James Casbon casbon at gmail.com
Fri Mar 6 02:59:01 PST 2009


2009/3/5 Kevin Teague <kteague at bcgsc.ca>:
> For larger, more complex software stacks I've made attempts at
> versioning the software.
>
> Of course, this is only a slice of the reproducibility picture, since
> you also need to version the data and the steps that were taken to run
> that data through the software ... but it can be useful to just have
> versioning of the software if the quality of data is in question
> because of suspected bugs in a part of the software stack. Or if parts
> of the stack are being upgraded by hand, the state of the installation
> can get pretty murky - especially in software stacks where there is
> turnover in the staff maintiaining them. Being able to completely re-
> build the stack from scratch to a known state with a single command is
> very good.
>
> I used BuildIt (http://pypi.python.org/pypi/buildit/) with my first
> attempt. This gives you a "root.ini" file which can be used to specify
> the versions of all the parts of a stack. This would look something
> like this:
>
> [namespaces]
> python = ${buildoutdir}/tasks/mkpython.ini [2.4.4]

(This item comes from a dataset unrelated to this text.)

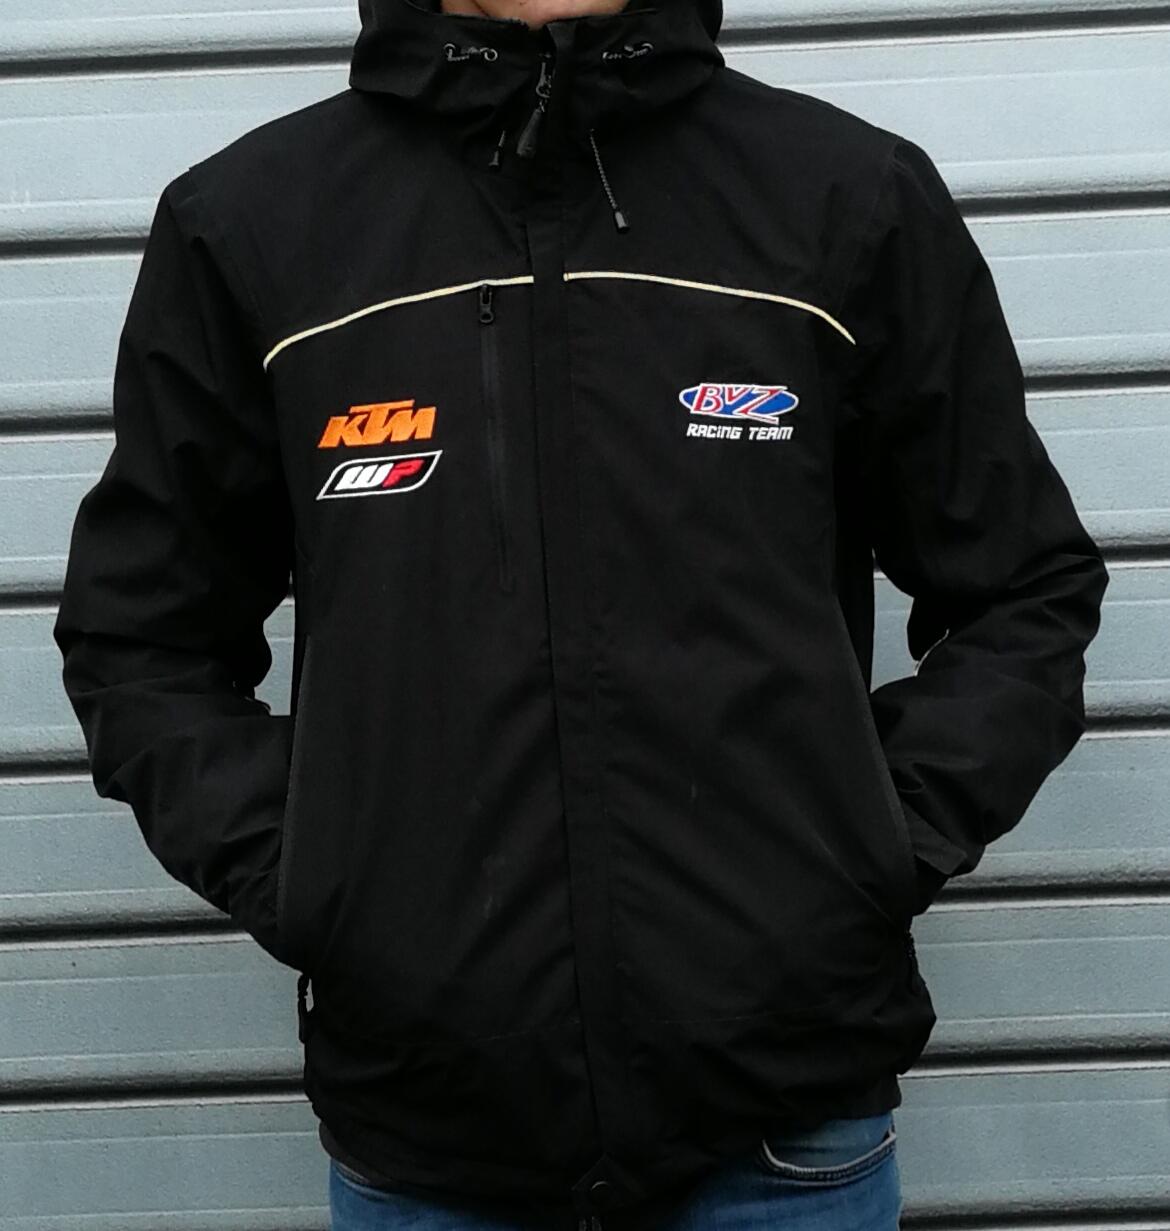 BvZ Racing Team Jacke

> postgres = ${buildoutdir}/tasks/postgres.ini [8.1.9]
> java = ${buildoutdir}/tasks/java.ini [1.6.0_06]
> exonerate = ${buildoutdir}/tasks/exonerate.ini [1.4.0]

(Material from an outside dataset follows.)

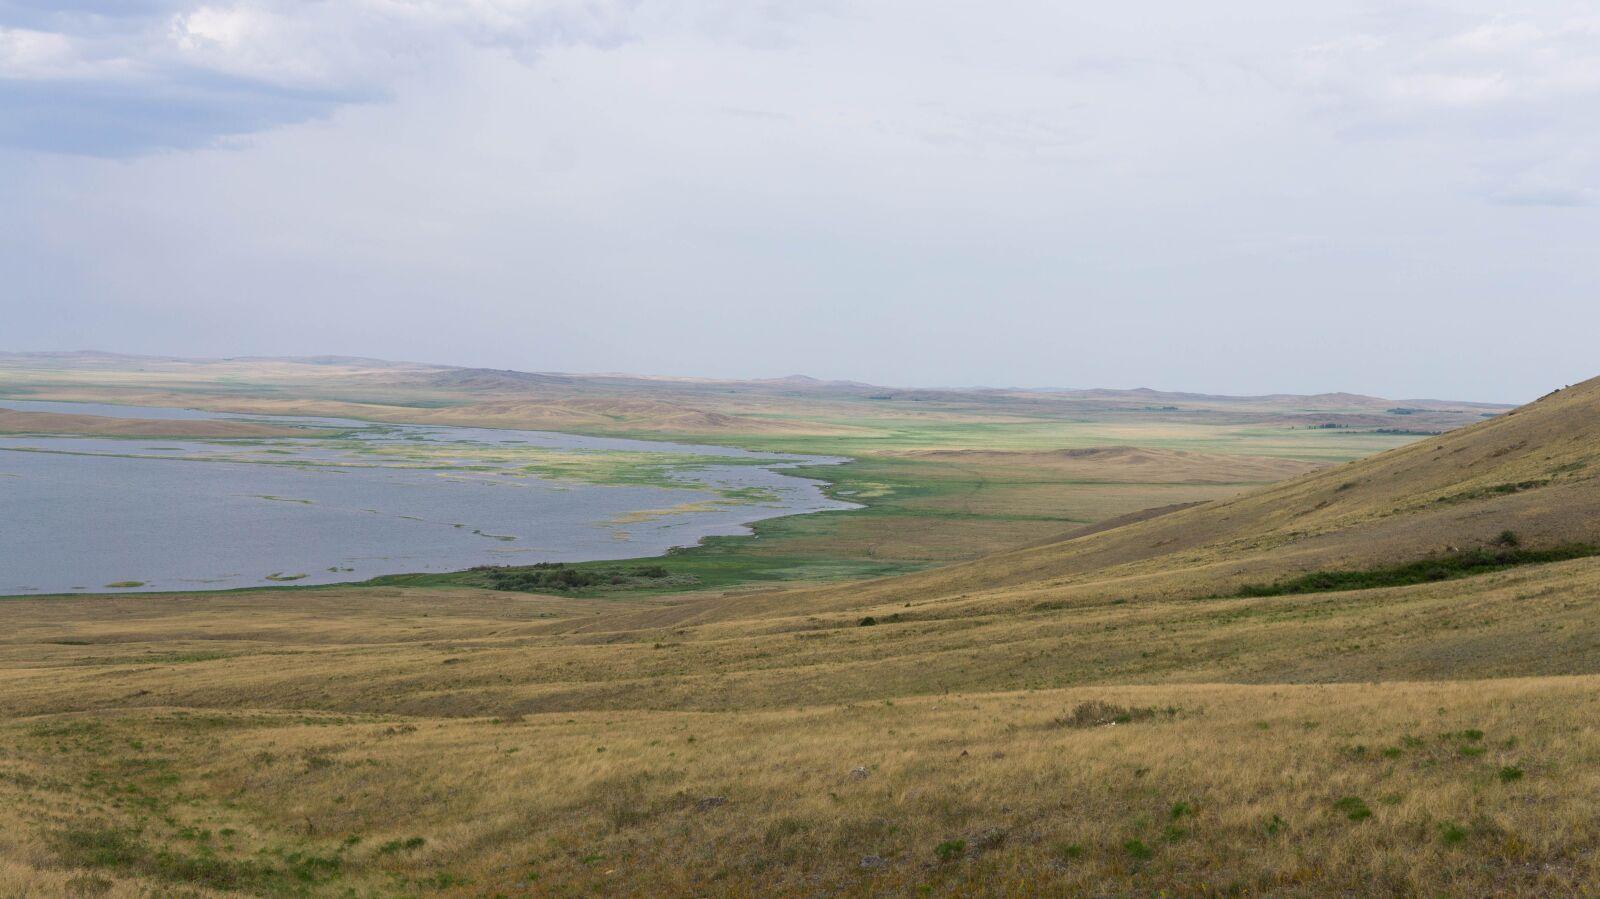 lake, nature, steppe

> fftw = ${buildoutdir}/tasks/fftw.ini [3.1.2]
> expat = ${buildoutdir}/tasks/expat.ini [2.0.1]
> eland = ${buildoutdir}/tasks/eland.ini [0.3.0b3]
>
> # Python Packages
> psycopg2 = ${buildoutdir}/tasks/psycopg2.ini [2.0.6]
> pil = ${buildoutdir}/tasks/pil.ini [1.1.5]
> sqlalchemy = ${buildoutdir}/tasks/sqlalchemy.ini [0.3.10]
> numpy = ${buildoutdir}/tasks/numpy.ini [1.0.3.1]
> matplotlib = ${buildoutdir}/tasks/matplotlib.ini [0.90.1]
>
> The "build project" was kept separate from the other Python projects
> used to process the data. In SVN trunk, the build tasks and config
> would be updated to point to newer releases that were being developed
> or tested against. Then an "instance branch" was maintained in SVN at /
> branches/production/. A working copy of this branch was used to
> install all of the software that was ran to generate final results.
> This way viewing the changelog of the /branches/production/ gave a log
> of changes to the software stack used to generate results.
>
> This is quite a bit more work than just using a virtual machine and
> taking snapshot images! But it does give you the benefit of being able
> to install the stack directly onto bare hardware. Necessary if you
> need to use a cluster to generate results. If you are compiling all
> software from source, you can also usually maintain builds for
> different platforms, e.g. linux servers and Mac OS X workstations.
>
> BuildIt was a pretty good tool, but it's not longer being actively
> maintained.
>
> These days I use Buildout (http://pypi.python.org/pypi/zc.buildout)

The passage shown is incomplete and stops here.